The Secured Notes are senior secured obligations of SGI and are equally and ratably secured with SGI’s obligations under the credit agreement. The Secured Notes rank equally to all of SGI’s existing and future senior debt and rank senior to all of SGI's existing and future senior subordinated debt. The Secured Notes are guaranteed on a senior secured basis by the Company and all of its wholly-owned U.S. subsidiaries (other than SGI). The Secured Notes are structurally subordinated to all of the liabilities of the Company’s non-guarantor subsidiaries.    

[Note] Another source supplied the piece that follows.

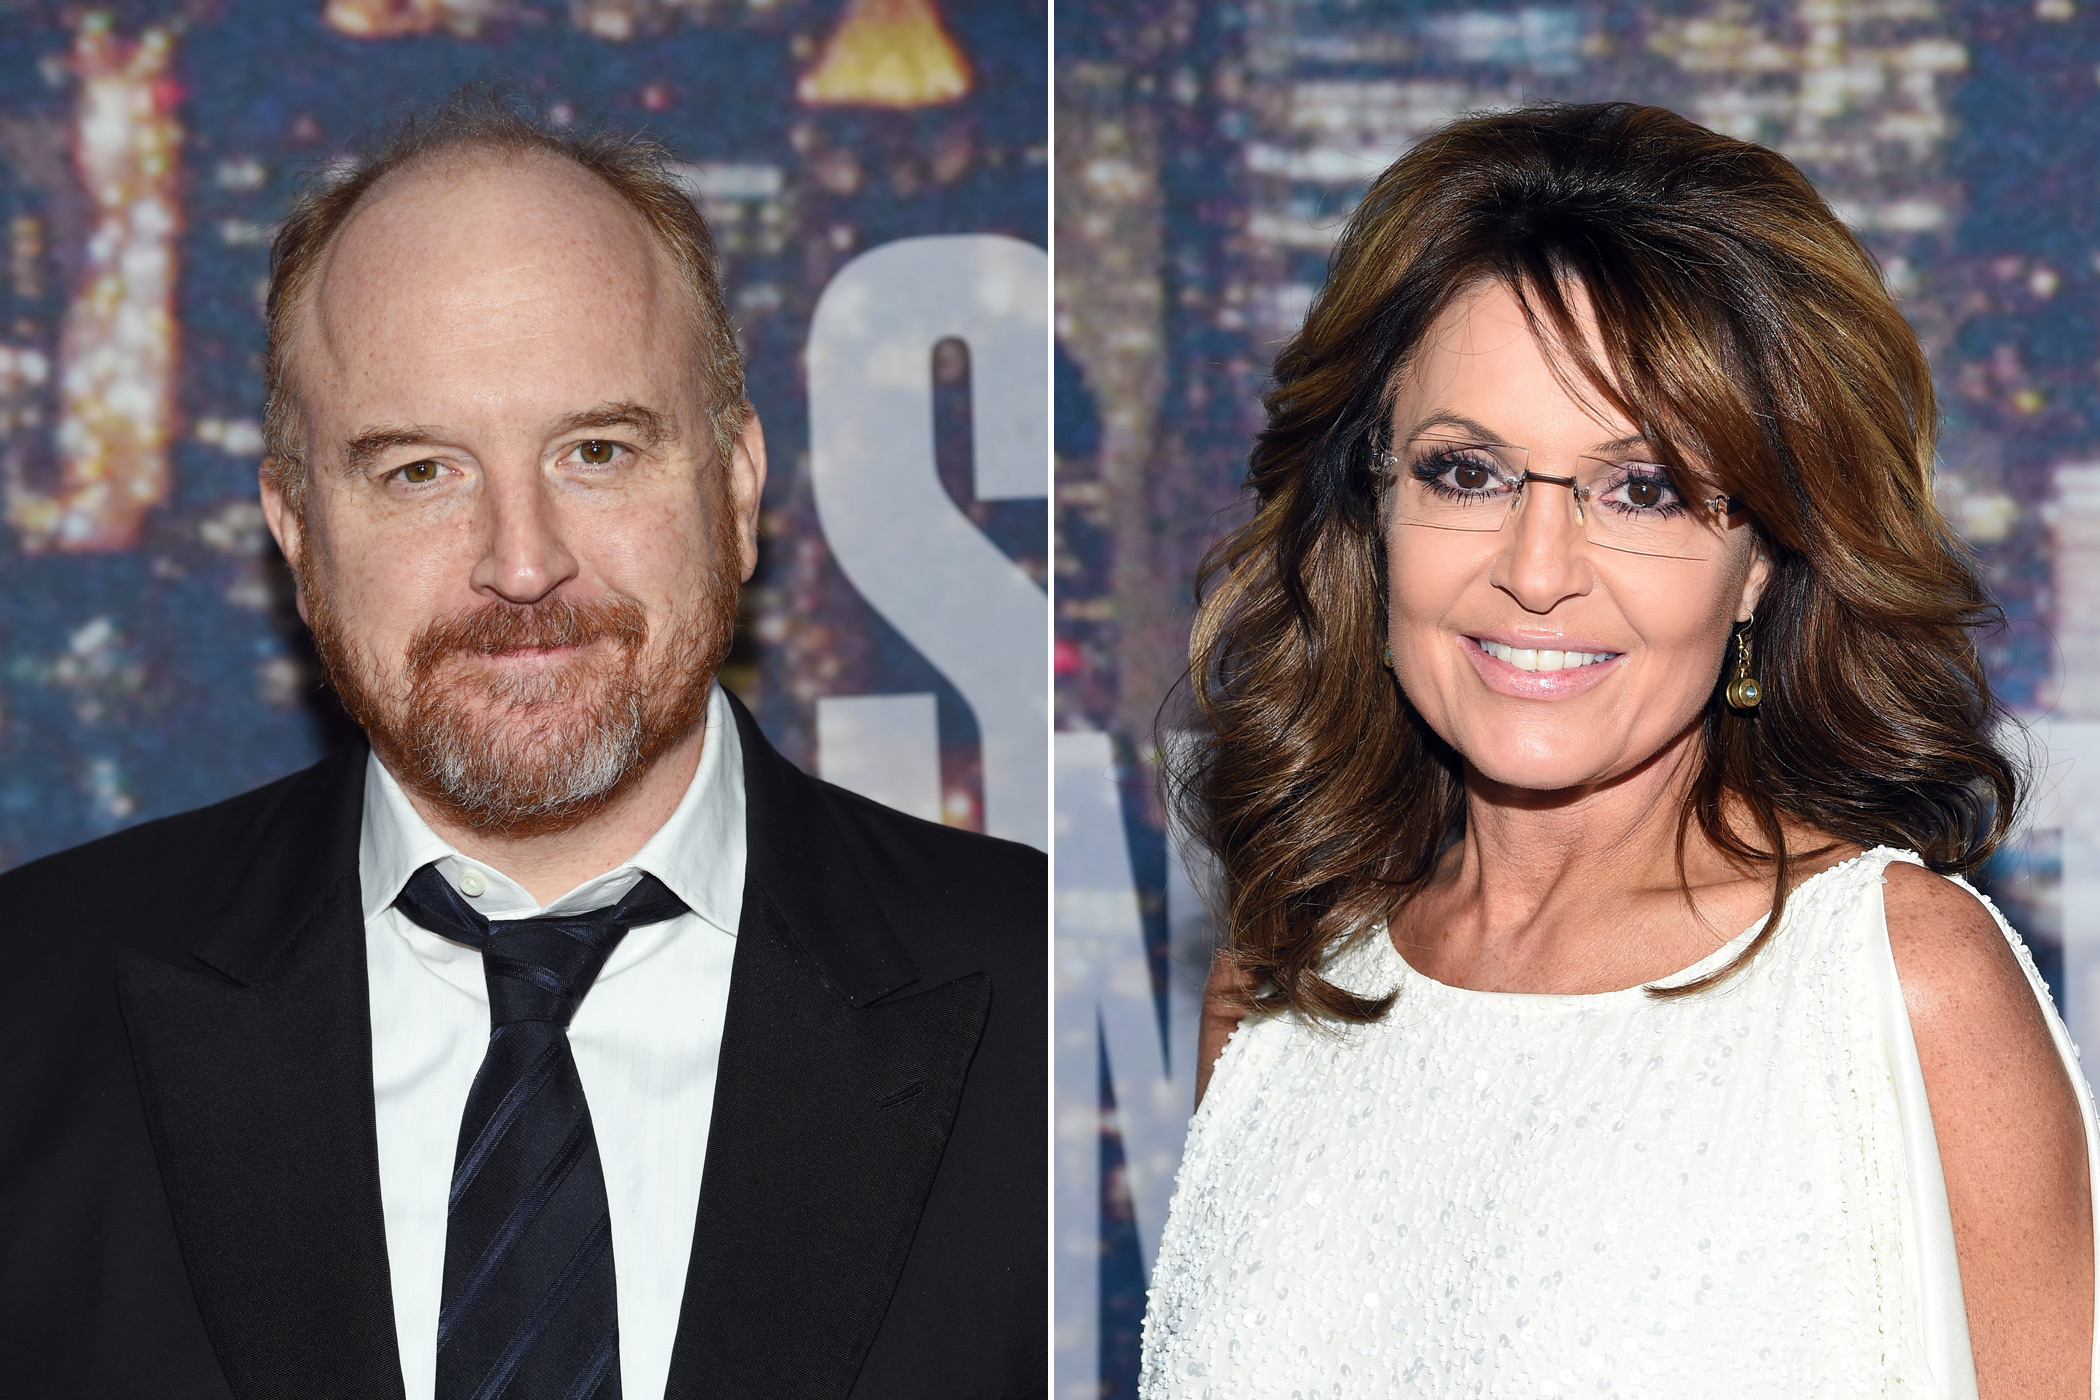 From left: Louis C.K. and Sarah Palin (Getty Images (2))

The Secured Notes Indenture contains certain covenants that, among other things, limit the Company’s ability, and the ability of certain of its subsidiaries, including SGI, to incur additional indebtedness, pay dividends or make distributions or certain other restricted payments, purchase or redeem capital stock, make investments or extend credit, engage in certain transactions with affiliates, consummate certain asset sales, effect a consolidation or merger, or sell, transfer, lease or otherwise dispose of all or substantially all assets, or create certain liens and other encumbrances on assets. The Secured Notes Indenture contains events of default customary for agreements of its type (with customary grace periods and maturity thresholds, as applicable).
Covenant Compliance    
We were in compliance with the financial covenants under our debt agreements as of December 31, 2015.
Capital Leases
On March 31, 2014, we entered into a new leasing arrangement with ITL for the lease of gaming machines in connection with a long-term services contract with a customer. We completed the placement of the new gaming machines under this contract during the three months ended June 30, 2014 and recorded a capital lease asset and minimum lease liability of $42.8 million. The terms of this leasing arrangement provide for repayment over five years with an interest rate of 3.9%. No additional material capital leases were entered into during the year and our remaining capital lease obligation at December 31, 2015 was $25.7 million.